This paper addresses composite optimization problems—such as parameter-sharing models in multi-task learning—by proposing a unified framework for generalized gradient descent grounded in category theory. Methodologically, it employs Cartesian reverse derivative categories (CRDCs) as the semantic foundation, modeling optimization problems as decorated spans in a hypergraph category and dynamical systems as corresponding hypergraph structures, linked via a hypergraph functor. The key contribution is the first formal identification of generalized gradient descent as a structure-preserving functorial transformation on hypergraphs. Consequently, the derived algorithm exhibits composability, distributed implementability, and semantic consistency, enabling natural modular modeling and training.

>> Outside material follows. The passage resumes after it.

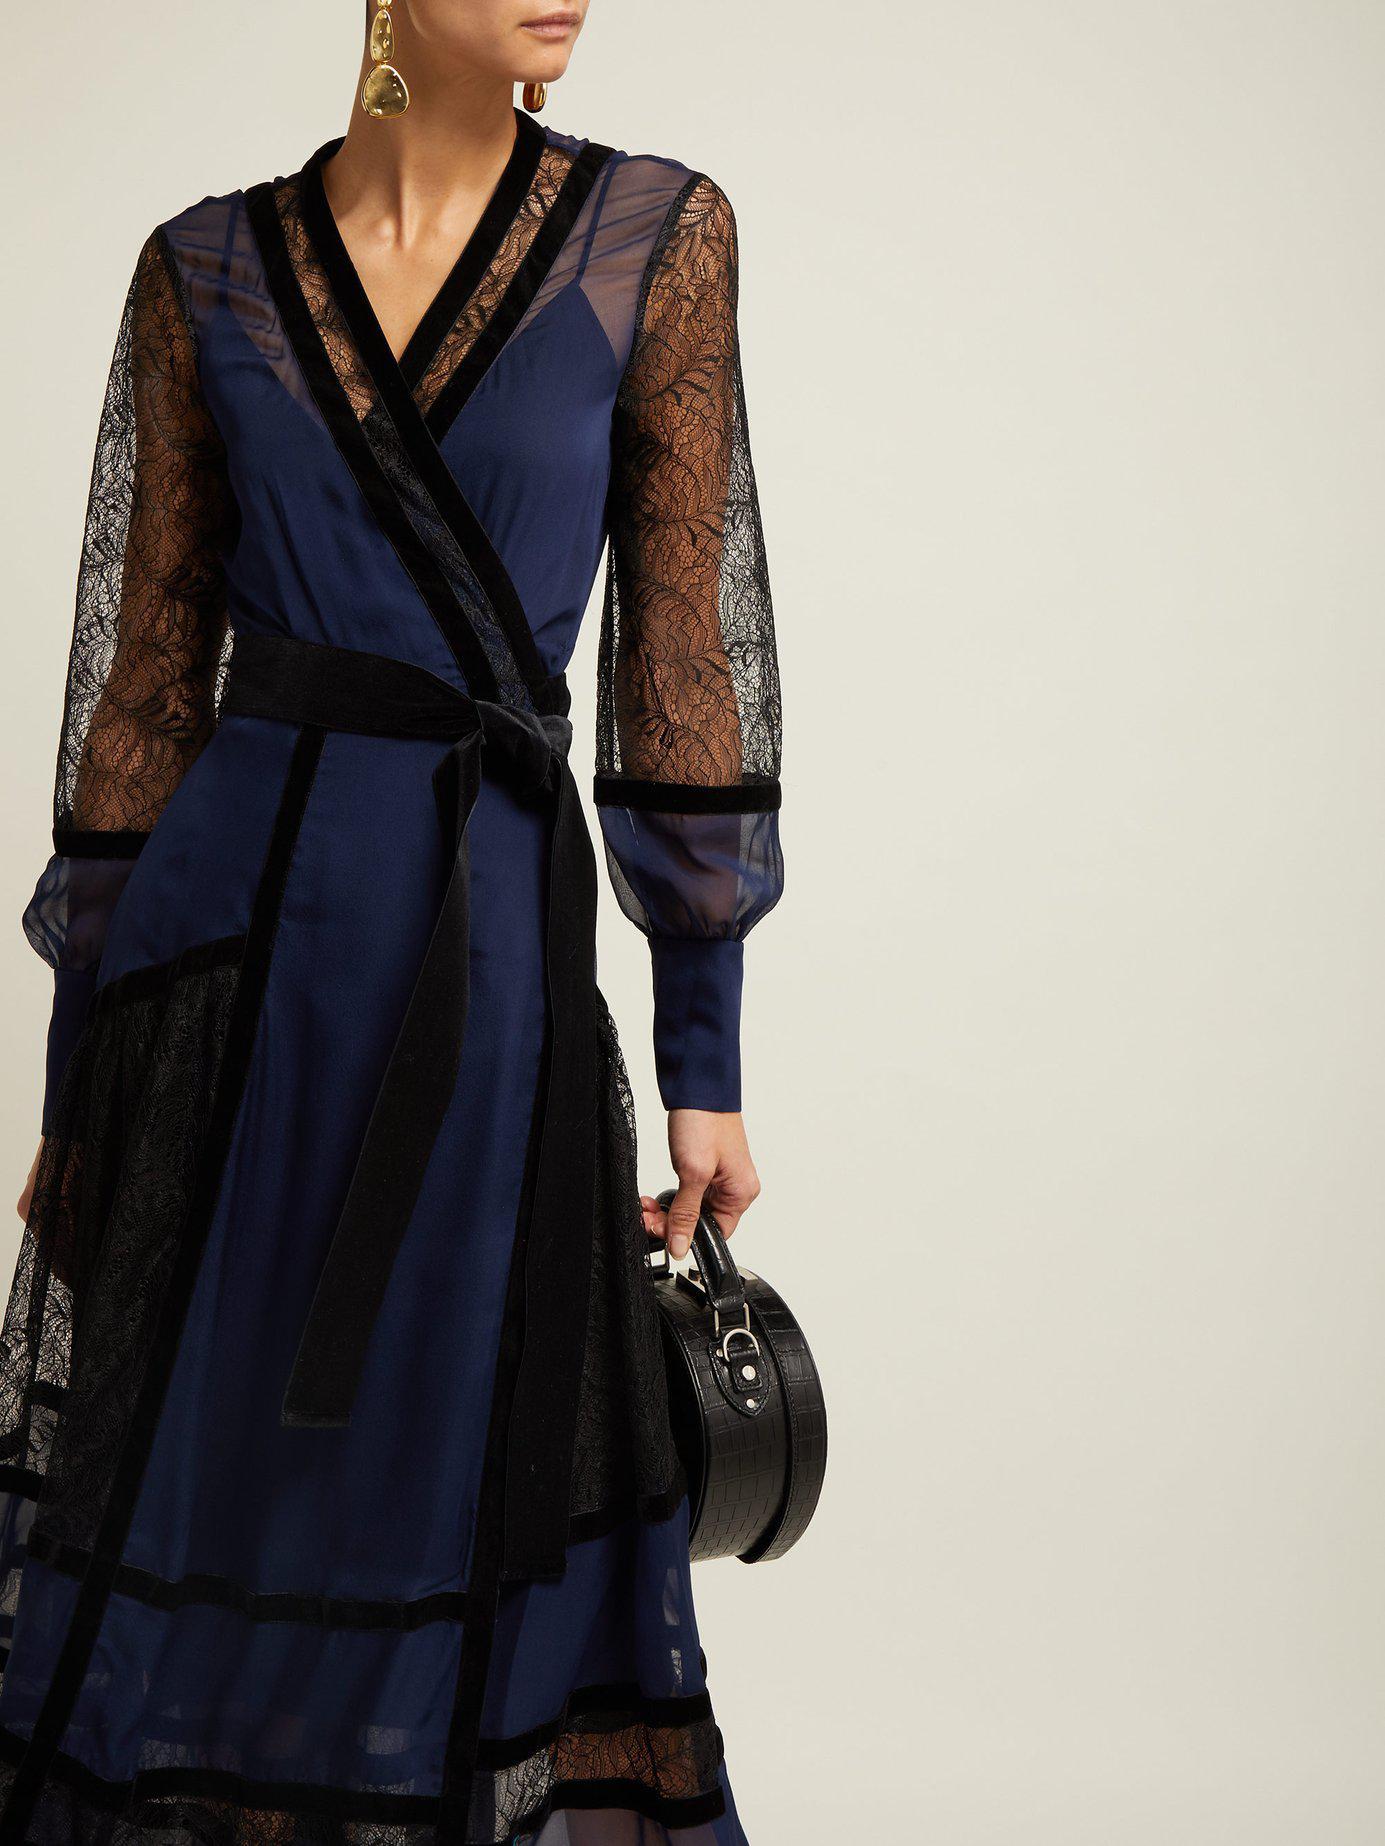 b307e704279a0 Lyst - Diane von Furstenberg Forrest Lace Panel Wrap Dress in Blue - Save 2%

Experiments demonstrate that the framework inherently captures parameter-sharing mechanisms in multi-task learning, significantly enhancing both the abstraction level of optimization and its engineering reusability.

Cartesian reverse derivative categories (CRDCs) provide an axiomatic generalization of the reverse derivative, which allows generalized analogues of classic optimization algorithms such as gradient descent to be applied to a broad class of problems. In this paper, we show that generalized gradient descent with respect to a given CRDC induces a hypergraph functor from a hypergraph category of optimization problems to a hypergraph category of dynamical systems. The domain of this functor consists of objective functions that are 1) general in the sense that they are defined with respect to an arbitrary CRDC, and 2) open in that they are decorated spans that can be composed with other such objective functions via variable sharing. The codomain is specified analogously as a category of general and open dynamical systems for the underlying CRDC. We describe how the hypergraph functor induces a distributed optimization algorithm for arbitrary composite problems specified in the domain. To illustrate the kinds of problems our framework can model, we show that parameter sharing models in multitask learning, a prevalent machine learning paradigm, yield a composite optimization problem for a given choice of CRDC. We then apply the gradient descent functor to this composite problem and describe the resulting distributed gradient descent algorithm for training parameter sharing models.